Sunday, April 21, 2013

days without grace


Yesterday, I went to the beach with a group of missionaries to celebrate a birthday. Lying on the sand and looking at the sky (photo below) I am always overwhelmed by the beauty of this place. My week had been a tough one. The great missionary Jeff Reed said, “It’s a good day when nobody dies”. When your good day is based on no one dying, it leaves a lot of room for other bad things to happen. Such beauty and such poverty. This is my world. 

I may have told you this before, but I am often reminded of running into Mallory Stuckey maybe 2 years ago in Morningside, we were getting frozen yogurt. And I had just had dinner at Rosebuds. Ahhh. Food.
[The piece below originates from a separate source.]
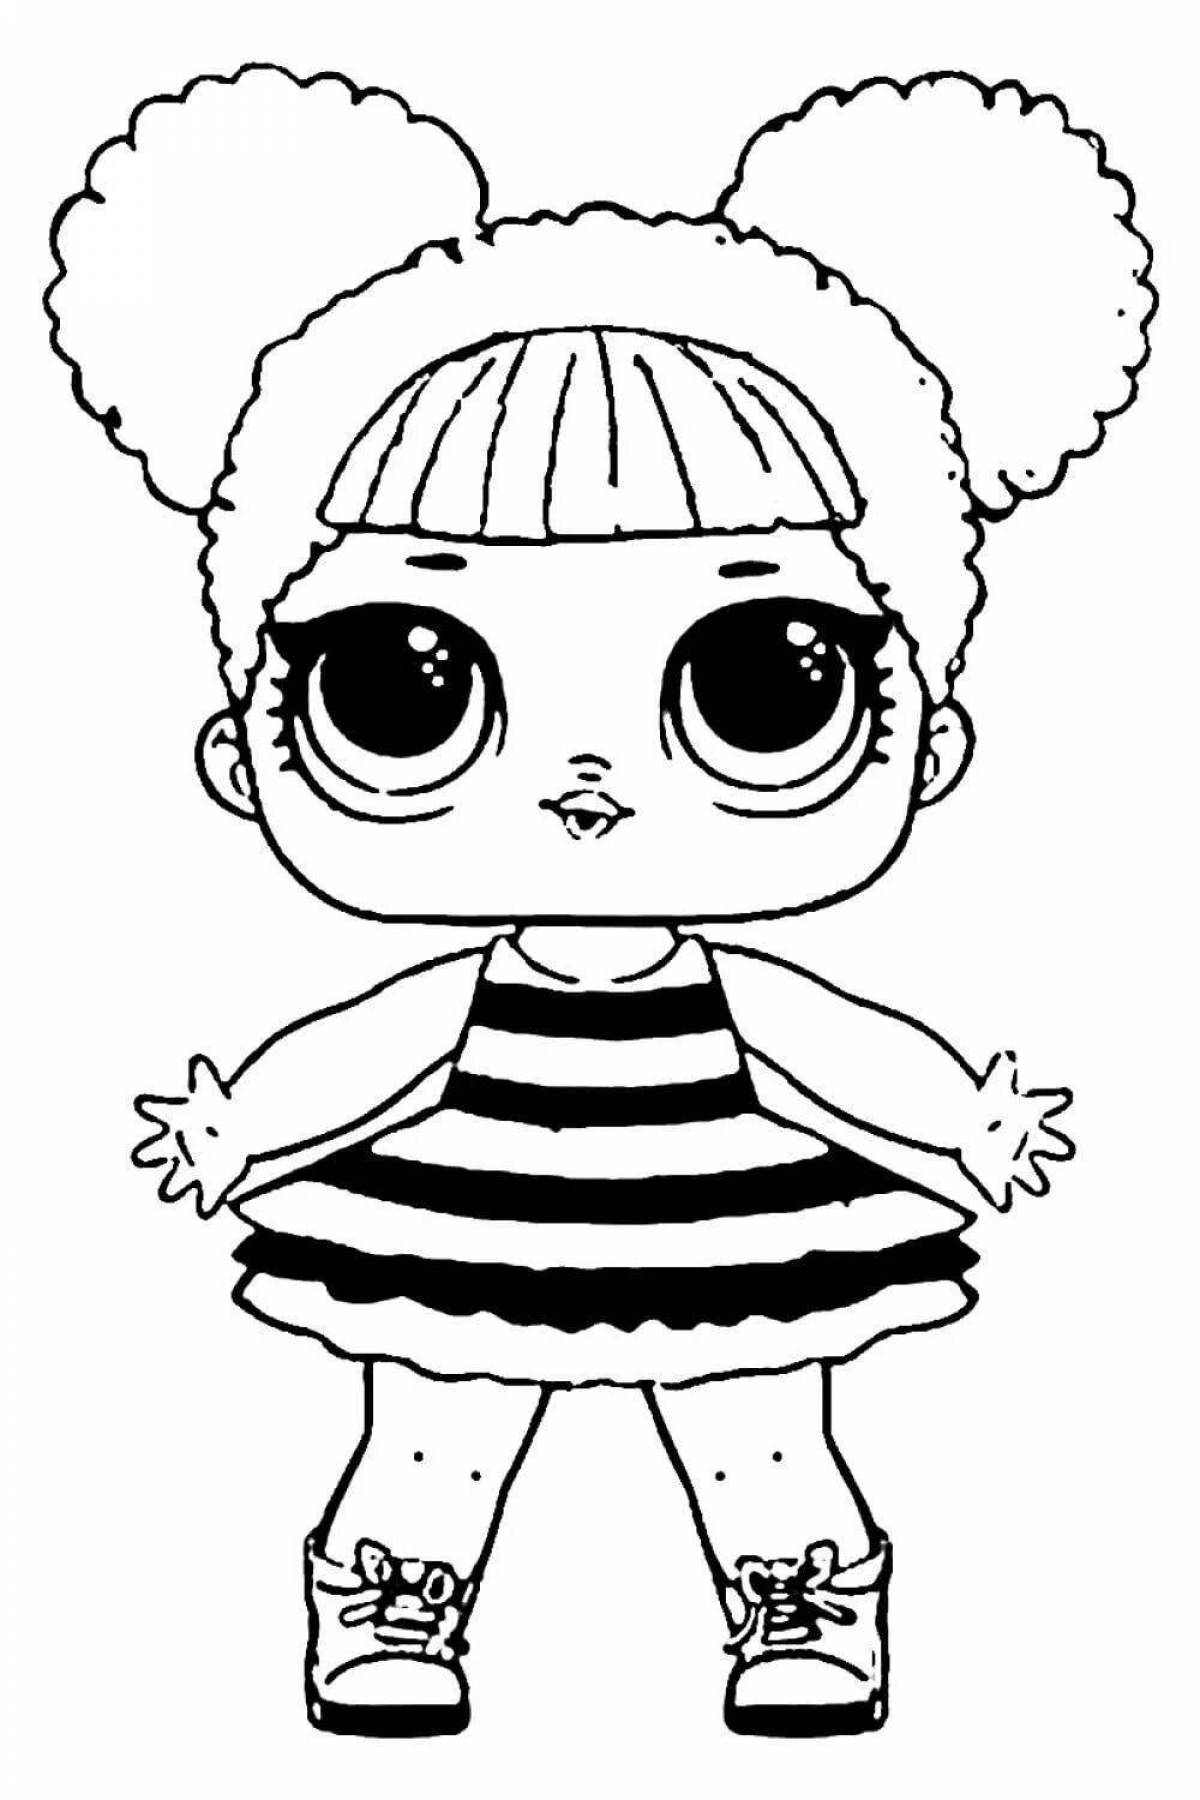 Lol doll wonderful coloring book for kids

Berries. As we interviewed each other, catching up, she asked me what I was doing and I told her, “the same”. I had been working at the capitol for 10 years. She asked if I liked it and I shrugged. When asked what I really wanted to do I confessed I wanted to move to Africa. This stirring in my heart was unrelenting and it consumed by thoughts and actions as I was quietly making plans to do so. I expected her to call me crazy or unknowingly belittle my plans (sorry Mal) as most people do when thrown a curve ball like “moving to Africa”. Her reply was shocking, “don’t we all”. I knew then that she too had this desire, as do many of you I have met along the way. You will all get here in one way or another, as God doesn’t leave these seeds unwatered. But I knew then that others had this dream and I was not alone. I have several close friends back home who all would love to be doing this work. They encourage me like no one else. Yet, I think of them on all my really hard days. Mallory, will you come draw water? Mary, my students keep asking me for money. Money for help with life threatening illnesses or for transport to funerals for young people who died tragic deaths. What do I do? Ky, I miss Atlanta, want to switch places next weekend? I want to go to Rosebuds and eat yogurt with berries. 
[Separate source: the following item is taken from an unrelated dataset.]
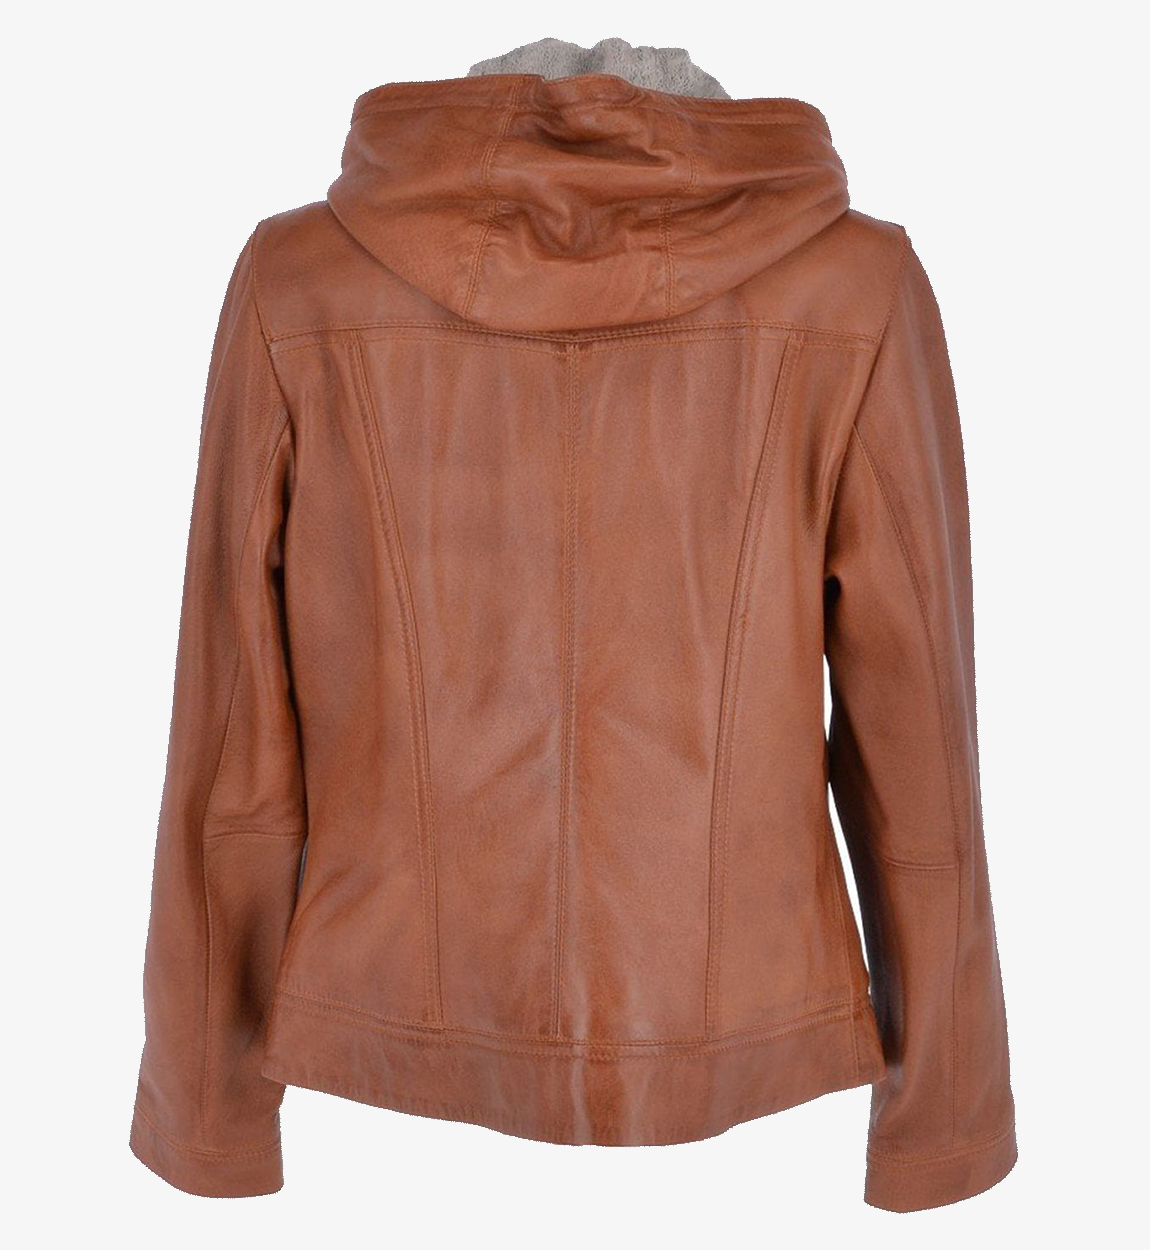 Women's Two-In-One Brown Leather Hooded Jacket

Most every day that I have been here I have felt total and complete grace for this place and these surroundings. The rat and the snake did rattle me a bit but I survived that. The heat is awful, but we survive. I have this nagging ache in my kidney but it is bearable. I get tired of eating the same things over and over but I have food. There are some days that the grace lifts a tiny bit and you feel every struggle and discomfort without anesthesia and it is painful. I absolutely need His grace to sustain me. 
As I looked at the calendar this week and rearranged plans, the future is completely unknown. There is no 10 year plan. I did that already. I get to see it maybe six months at a time. That drives me crazy. But it makes me ever more dependent on Him and that is the only way. This life has made me fully, completely, totally, utterly dependent on Him. I have to seek His counsel on everything. 
Just this week a student came to me crying, recovering from malaria, weak and sick. His step mother had been to the witch doctor and he believed she had put a curse on him. His brother was doing “very, very bad things” and he says it is from going to the witch doctor too. I can’t listen to and respond to these requests and concerns from a desk. I can’t handle these situations from arms length. I can’t give canned answers. I have to give this child hope and teach him truth and to do so, I have to know it myself! There on the side of the road, I pray for him. A car stops on the side of the road and a man gets out and says that he has many sick people in his family and wanted to know where my church is. During the time it happened I was honestly annoyed. Can I girl not pray for a boy on the side of the road without someone wanting something from me? I see this nation with their hands out wanting. It is hard for me. The statistics are heart wrenching. I’ve never been hungry, I’ve never been desperate. Their desperation shocks me. So this job isn’t easy. For me to meet this boy with the answers that he needs I have to be on my toes. I have to know some truths and have them daily on my tongue. I tell him not to fear and I find scripture coming out of my mouth. I tell him that he is light and all darkness has to flee.
I have to leave him because I have a room full of students waiting and I go to class. More boys eager for me to teach them what I know. We laugh and go over “the continuous” for the umpteenth time. On the scooter rides home I always take in the view of the sea. It never ceases to make me smile inside and out. I have to slow down for a boy pushing a legless man in a wheelchair in the middle of the roundabout. I slow again for the chickens in my driveway. All of these moments change me a little. And it is my prayer that they never cease from changing me. The man in the wheelchair. The barefooted boy. The paraplegic woman who crawls using wooden blocks in her hands. All of these people change me. I do nothing for them, but they change me just by looking at them. I just pray it all sticks and these changes are forever.